A wren flittered onto the boulder I had used as a seat a few weeks ago: a tiny mouthful of a bird, fluffed against the cold like a Viennese truffle. It tilted one bright eye at me, then another, just like Luz, and flew on over the snow. Six months from now, it would have three cheeping fledglings running it ragged.

“I’ll be back,” I told it, and crunched my way to the truck.

It started with a low rumble that suited the wintry quiet, like a bear grumbling in its sleep, but once I was at the top of the track I turned off the engine, took my foot off the brake, and coasted down the road in silence.

“Lovely,” said Julia. “Like Narnia.
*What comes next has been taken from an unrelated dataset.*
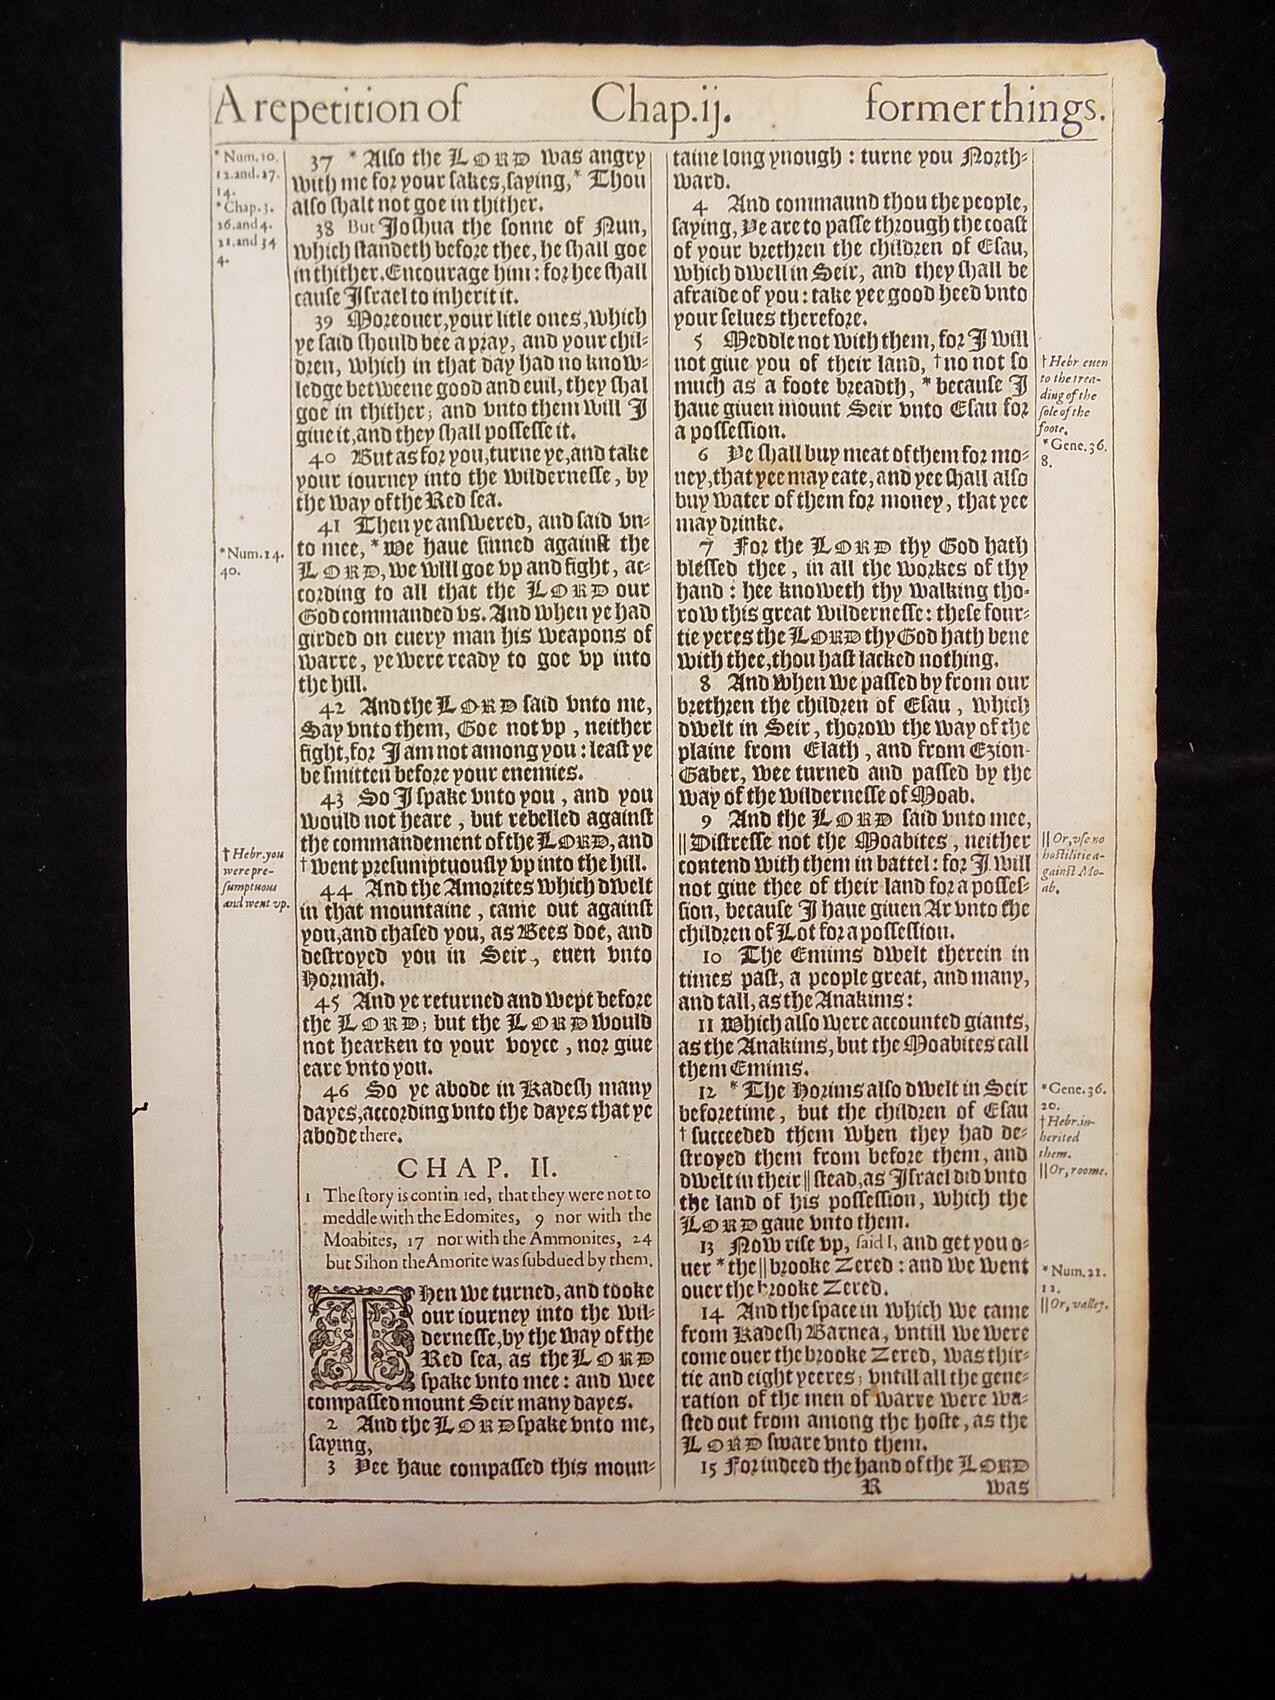 1611 KING JAMES BIBLE LEAVES BOOK OF DEUTERONOMY 316 ANTIQUE BIBLES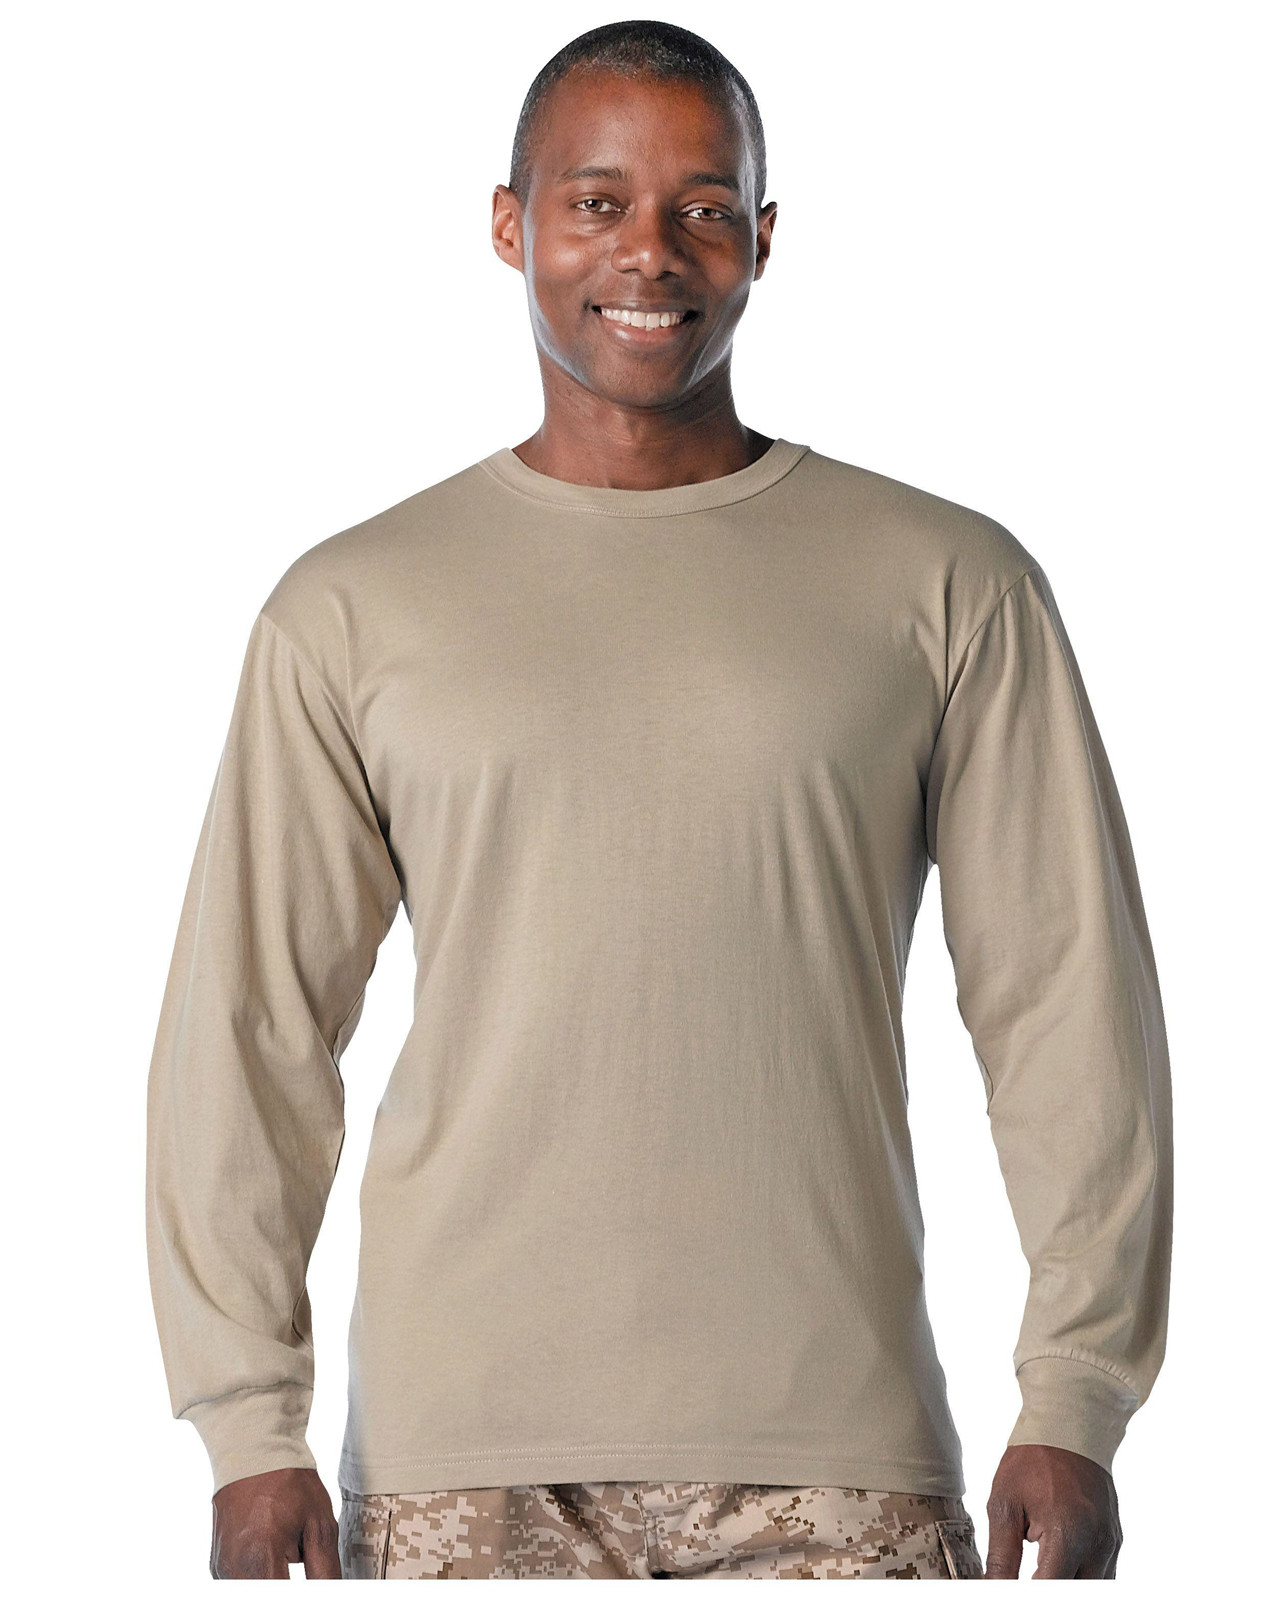 Rothco Långärmad T-shirt (Desert Sand, 2XL)

You mustn’t forget to send that child her Turkish delight.”

“What do you think of her?”

“She's nine. It's hard to tell. But she’ll probably grow up to be a Bible-spouting evangelist who thinks you’re Satan incarnate by the time she’s twenty. At least she’ll be a Bible-spouting evangelist who won’t be pushed around. Not if you have anything to do with it.”

“I’ll teach her how to fight.”

“You taught Ms. Tammy a thing or two, certainly.” She smiled privately. Snow began to build up on the windscreen. “You should probably turn the engine on now and get those windshield wipers going, or we’ll end up nose to nose with a tree.”

I did.

“If you teach her to fight, don’t be surprised if she fights you. Once she’s grown she might just leave.”

“People always leave.”

“Often. Not always.” I felt a ghostly touch just beneath my right eye. “Is that a tear?”

“Will you leave me eventually?”

She laughed, a round rich laugh full of good humor. “Aud. Look at me. Stop the car and look at me.” I braked and stopped but did not turn off the engine. I looked at her. “Reach out and touch me.”

“No.”

“No. Because you can’t. Because I’m dead. I can’t leave you, Aud, because I come from you. I am you. You know that.”